--- AVAILABLE DATA Enclosed Below ---
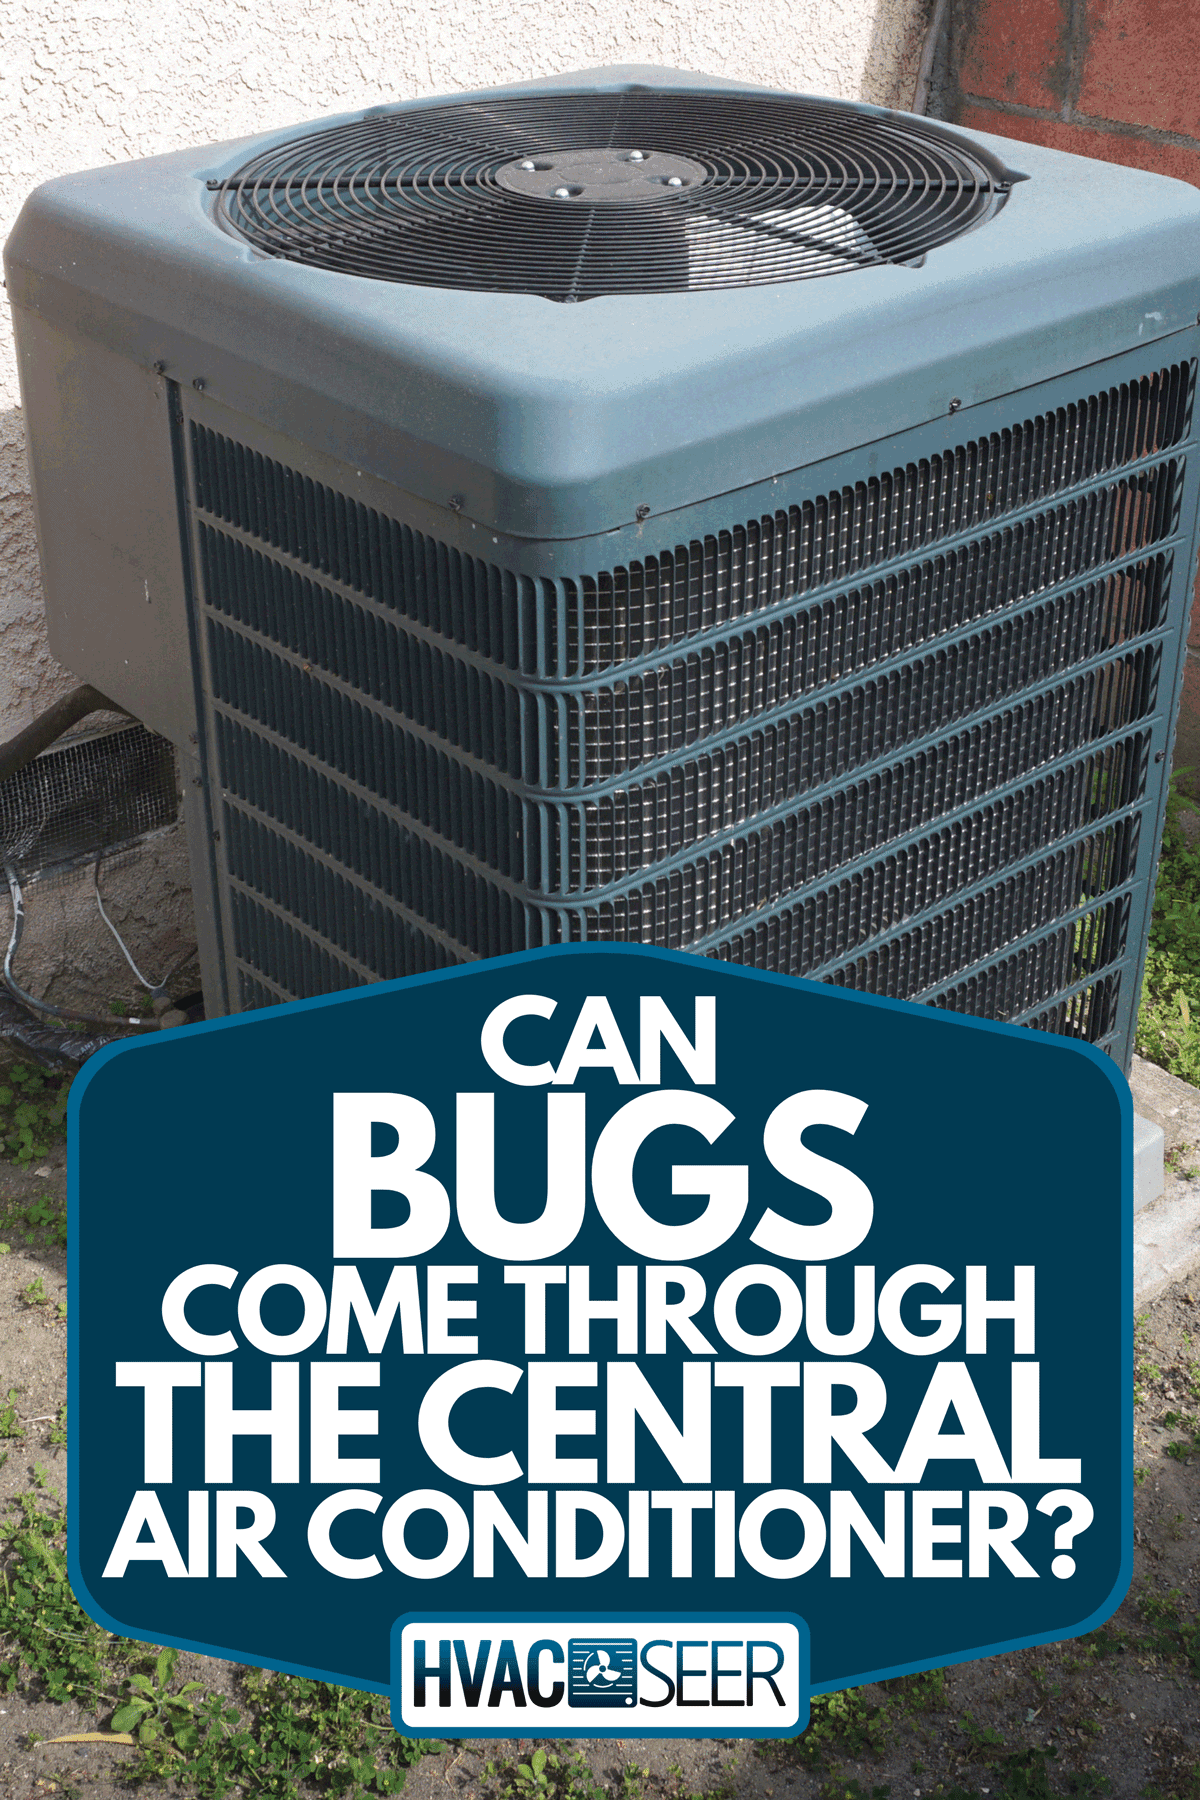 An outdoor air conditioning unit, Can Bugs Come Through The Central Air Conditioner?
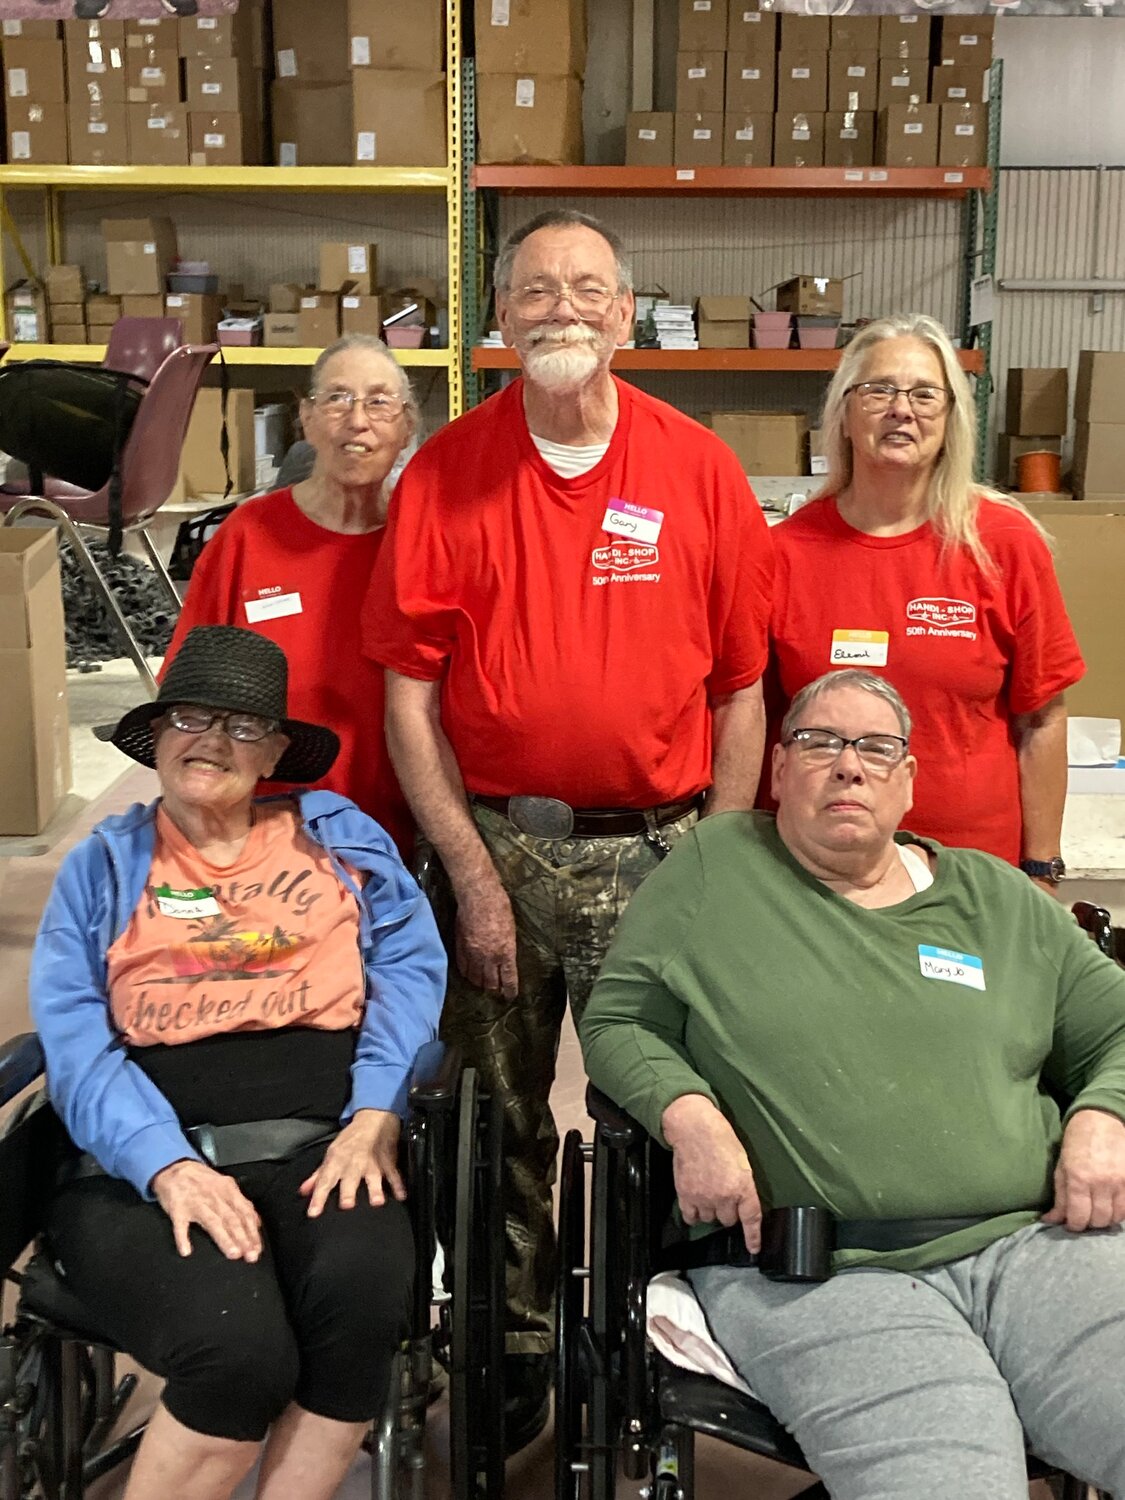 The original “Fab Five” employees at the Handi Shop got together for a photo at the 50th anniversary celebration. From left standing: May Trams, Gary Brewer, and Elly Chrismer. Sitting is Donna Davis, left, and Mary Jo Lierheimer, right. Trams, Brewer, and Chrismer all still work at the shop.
--- End of Enclosed AVAILABLE DATA ---
--- AVAILABLE DATA Enclosed Below ---
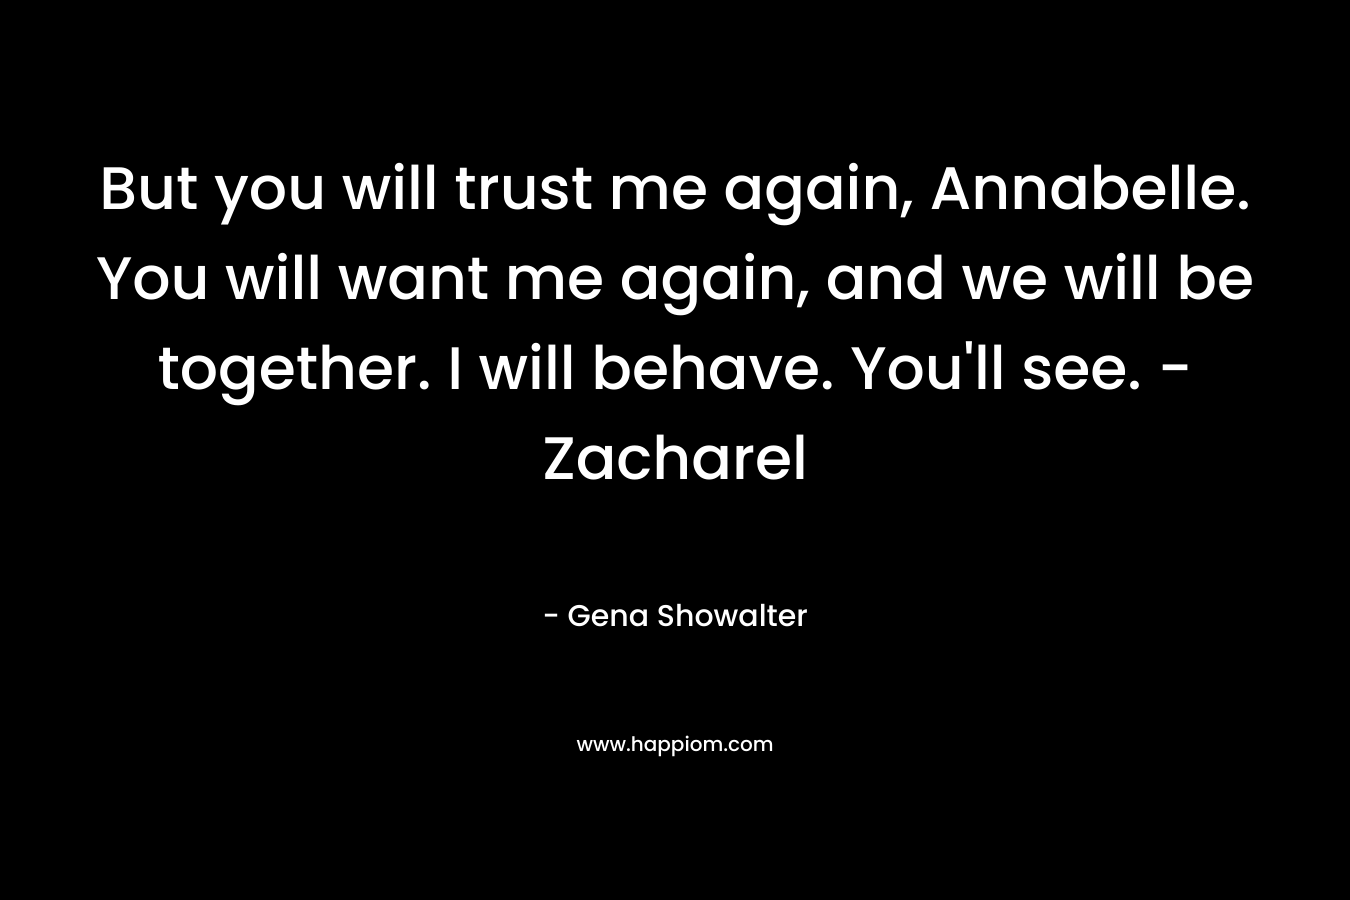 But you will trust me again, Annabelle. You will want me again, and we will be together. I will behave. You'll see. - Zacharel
--- End of Enclosed AVAILABLE DATA ---
WHAT THE TASK REQUIRES -> Above are the records; please give again, exactly and in full, only the lines that run from the line with "An outdoor air" through the line with "at the shop.", with no pictures.

RESPONSE AREA ->
 An outdoor air conditioning unit, Can Bugs Come Through The Central Air Conditioner?
 The original “Fab Five” employees at the Handi Shop got together for a photo at the 50th anniversary celebration. From left standing: May Trams, Gary Brewer, and Elly Chrismer. Sitting is Donna Davis, left, and Mary Jo Lierheimer, right. Trams, Brewer, and Chrismer all still work at the shop.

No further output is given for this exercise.